* Task requirements: Among the records that follow, set down only the lines from the one containing "Ευάνθης Χατζηβασιλείου, Εισαγωγή" to the one containing "Animal cute cartoon emblem and logos design", both included, exactly.

* Dataset entries:
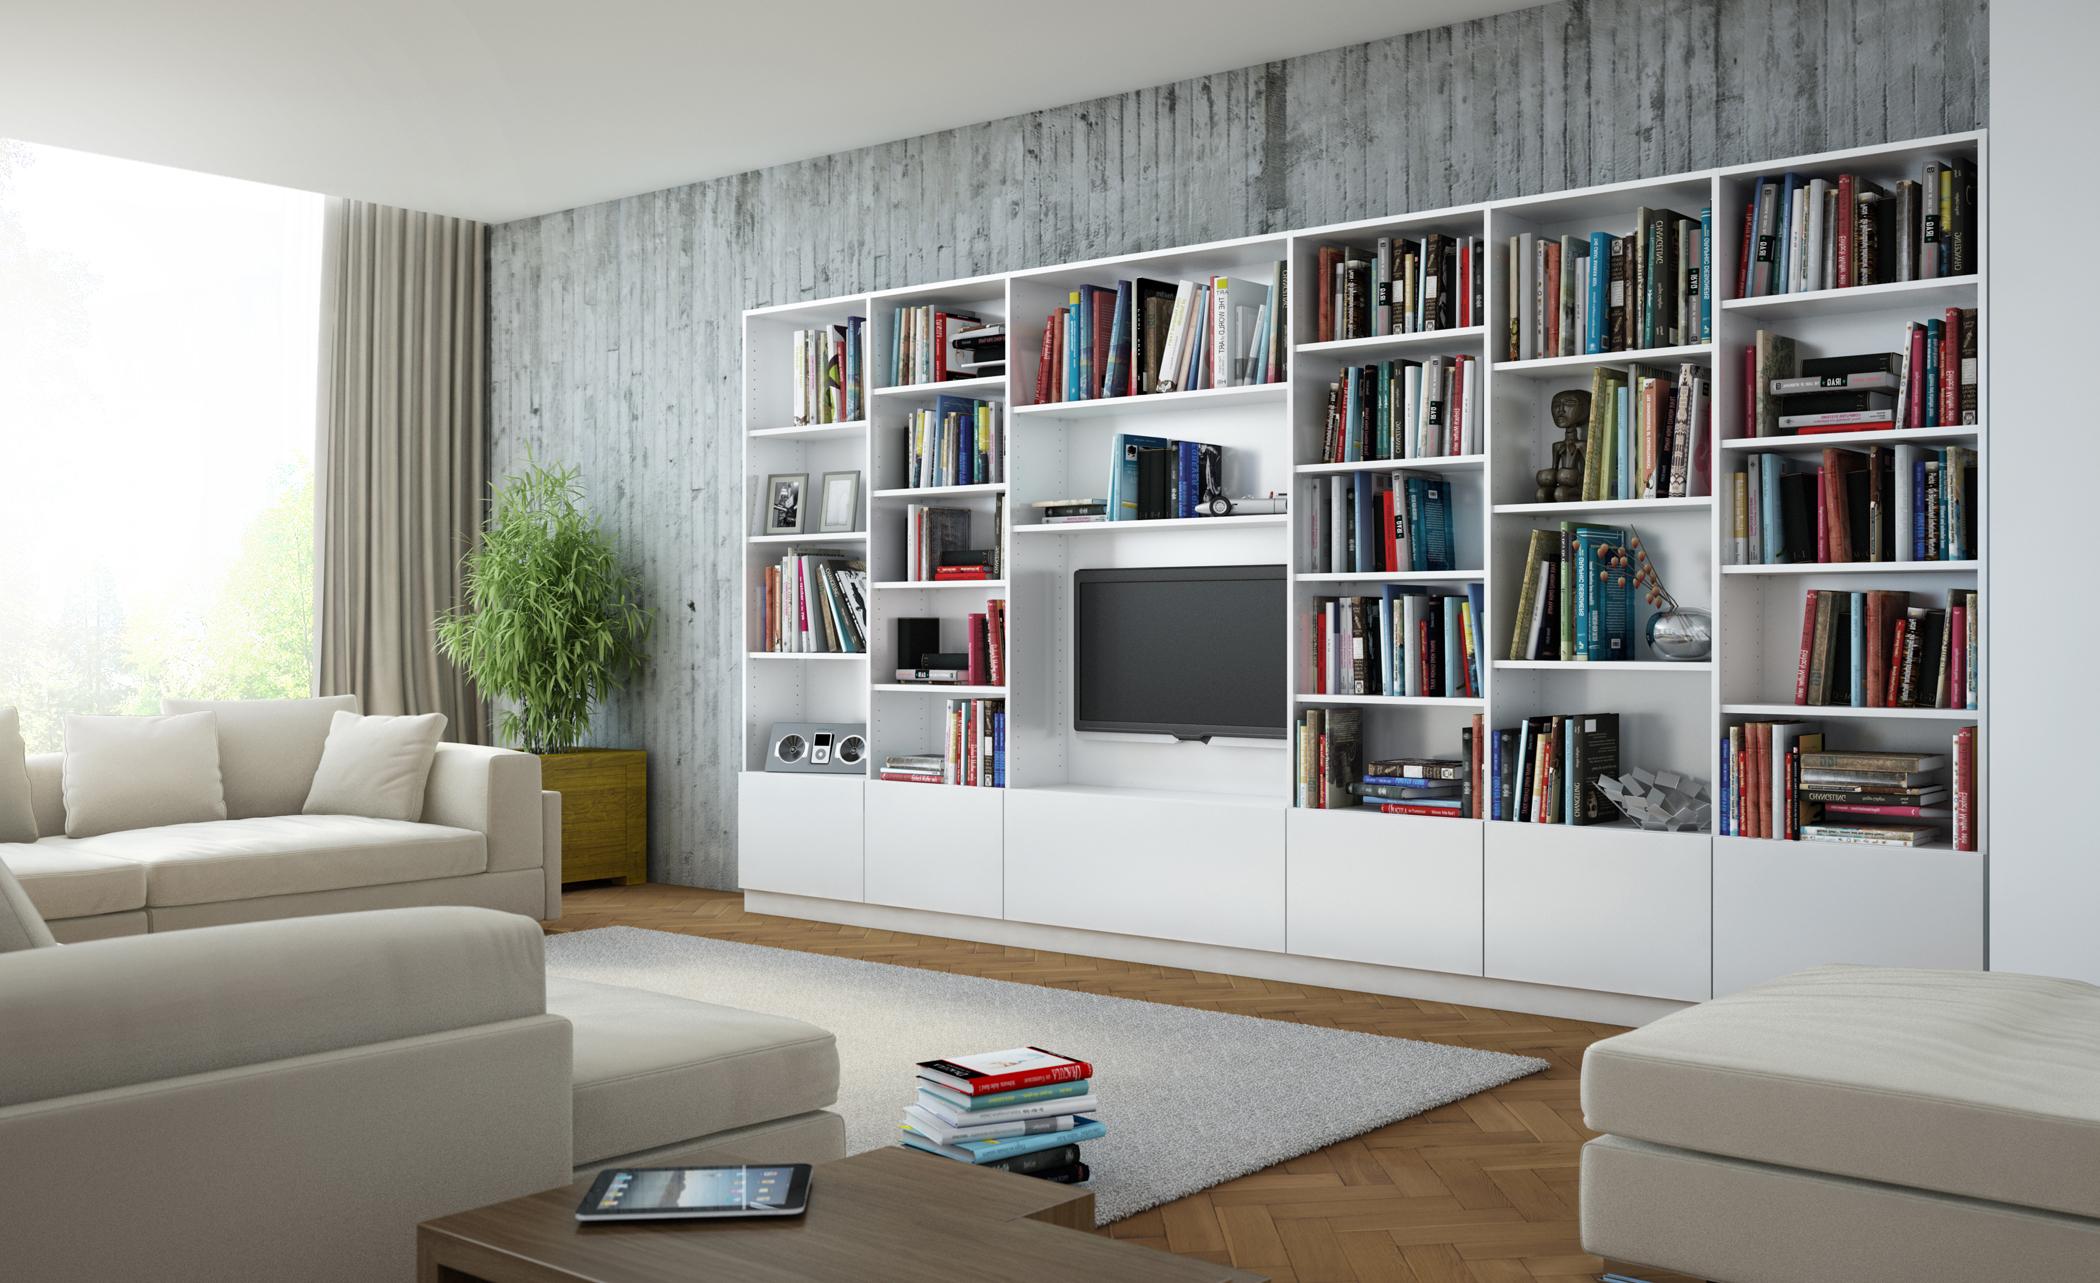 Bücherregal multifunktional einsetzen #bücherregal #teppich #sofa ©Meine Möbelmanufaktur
...
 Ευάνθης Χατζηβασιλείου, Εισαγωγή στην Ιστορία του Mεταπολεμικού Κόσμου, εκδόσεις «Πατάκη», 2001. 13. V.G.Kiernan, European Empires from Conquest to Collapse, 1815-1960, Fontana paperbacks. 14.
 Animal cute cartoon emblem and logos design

* Answer space:
 Ευάνθης Χατζηβασιλείου, Εισαγωγή στην Ιστορία του Mεταπολεμικού Κόσμου, εκδόσεις «Πατάκη», 2001. 13. V.G.Kiernan, European Empires from Conquest to Collapse, 1815-1960, Fontana paperbacks. 14.
 Animal cute cartoon emblem and logos design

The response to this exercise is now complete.